However, 24% of companies polled in the UK and US expect to miss the GDPR compliance deadline and 30.6% said they had no timetable for being GDPR compliant, according to security firm Guidance Software.

Almost 18% said they were in the moderate planning stages and 11% said they were only in the initial stages of implementing processes to ensure compliance.

So if you want to save yourself stress, money and a damaged reputation from a cyber incident please ring us now on 01242 521967 or email [email protected] or complete the form on our contact page NOWContact Cyber 139

People can be strongest link in cyber security, says NCSC

People are often seen as the weakest link when it comes to cyber security, but that must change, says the National Cyber Security Centre (NCSC).

People are often seen as the weakest link when it comes to cyber security, but that must change, says the National Cyber Security Centre (NCSC).

Information security has traditionally been led by technology and, as a result, the role and value of people has been overlooked. That is the view of Emma W, people-centred security team lead at the UK’s National Cyber Security Centre.
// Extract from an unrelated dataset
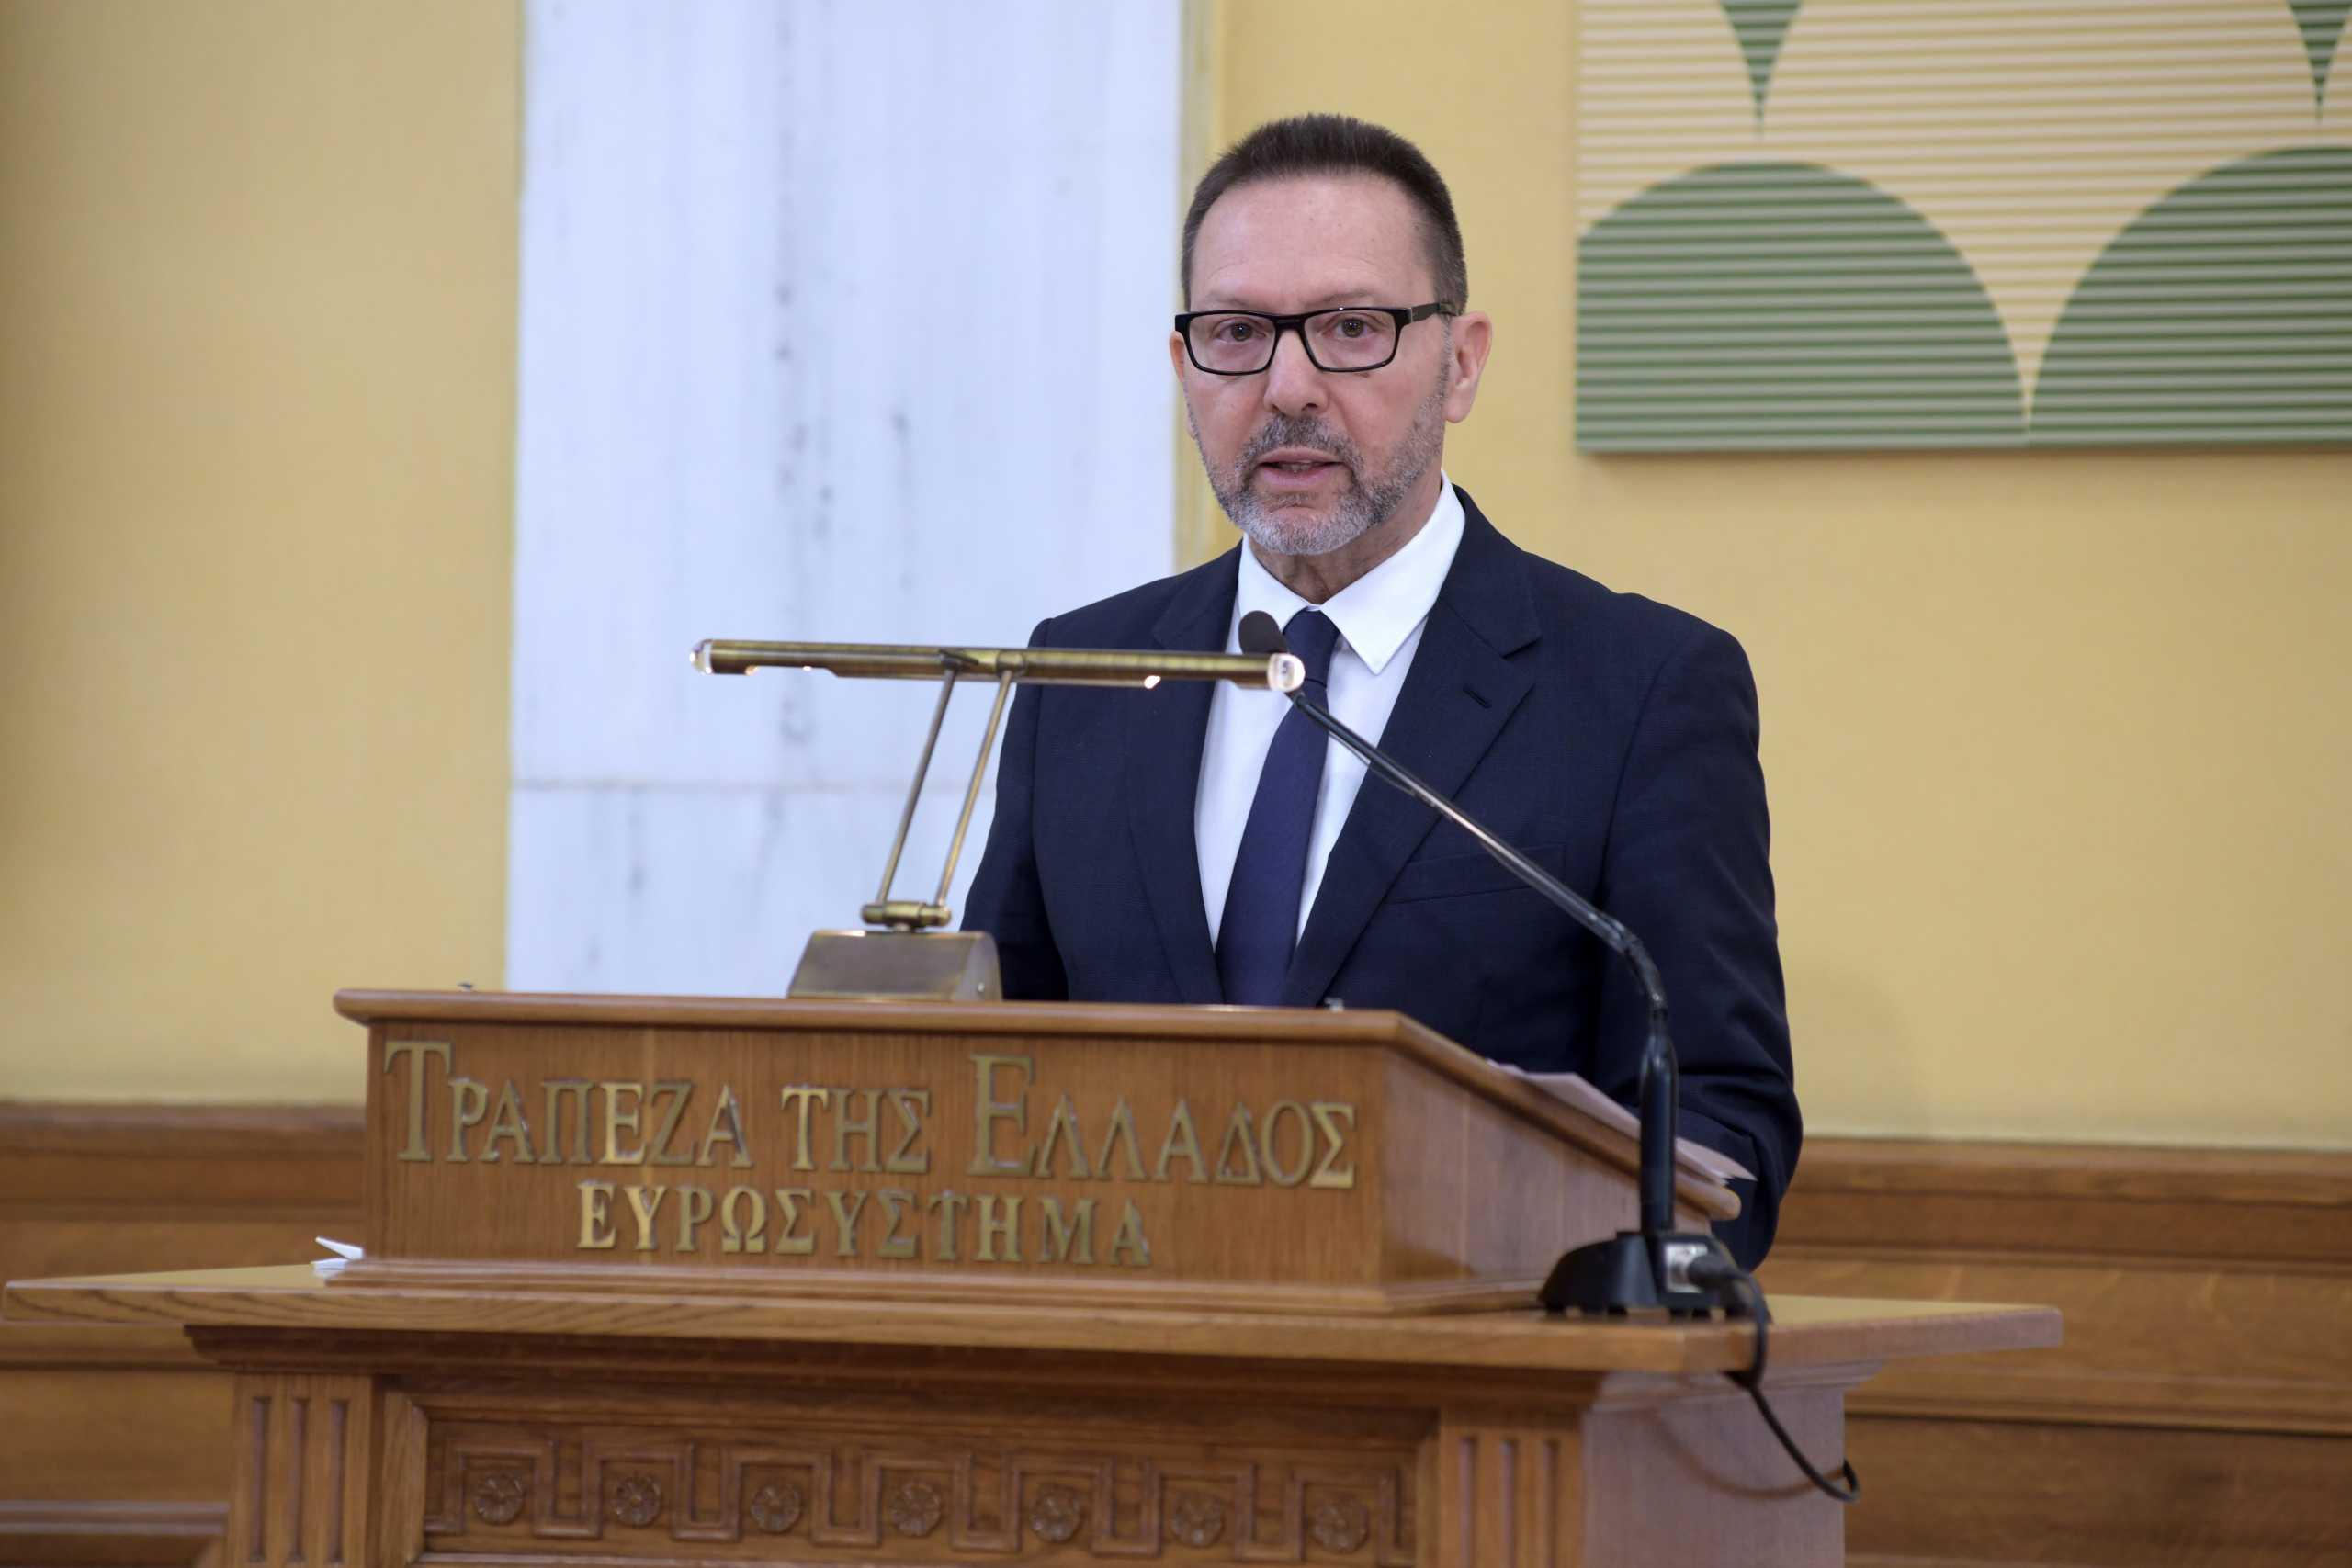 Γ. Στουρνάρας: Το 2023 επιστρέφει η κανονικότητα στις τράπεζες

From a hacker perspective, many organisations are still leaving the front door open and the windows unlocked. Failure to protect and handle data correctly can also result in punitive actions for companies participating in the digital economy. Wake up and get the knowledge to get protected.

The perception of people as the weakest link is unfair and a natural consequence of a technology-led security culture.

“We have not always had people working in cyber security with a deep understanding of human behaviour or the input of psychologists, social scientists and the like to tell us why people behave the way they do.

“As a result, organisations tend to treat users as people who should do as they are told, but they don’t always, and often the reason is because they can’t.

“However, these reasons are often not recognised, and instead users are seen as either being unco-operative or stupid, but this is not true and is a perception that we have to turn around,” she said.

An example of where end-users are typically blamed for failures is around passwords, but many organisations have unreasonable expectations.

Most people find it challenging to remember multiple passwords, especially when organisations insist on long and complex passwords that must be changed regularly.

Instead of being critical of employees who fail to adhere to unreasonable password policies, organisations need to have a more sophisticated understanding of how humans can be a security asset, she said.

“They need to understand that if humans appear to be poor at security, it is because they are being required to do things that are difficult or impractical to do.”

The NCSC believes this indicates a need to reshape the relationship between the IT security team in an organisation and users of the IT systems.

While some information security professionals understand that their role is to support and enable the business, Emma W said less progress has been made in understanding how to relate to end-users.

Users still commonly see security as policing role, she said, and do not feel confident enough or too afraid to talk to security teams about the challenges they have and where they feel the need to bend or even flout security rules in order to get their jobs done, for fear of being sanctioned in some way.

“This is the relationship we need to reshape, and a critical part of that is enabling two-way communication between security teams and the rest of the organisation, rather than users’ current common perception that security just sits in its own silo and tells everybody else what they need to do,” she said.

“In reality, security professionals don’t have all the answers and users have a contribution to make in supplying some of the answers. Security professionals need to start listening to what users are trying to do and understand that they can be the strongest, not the weakest link in security.”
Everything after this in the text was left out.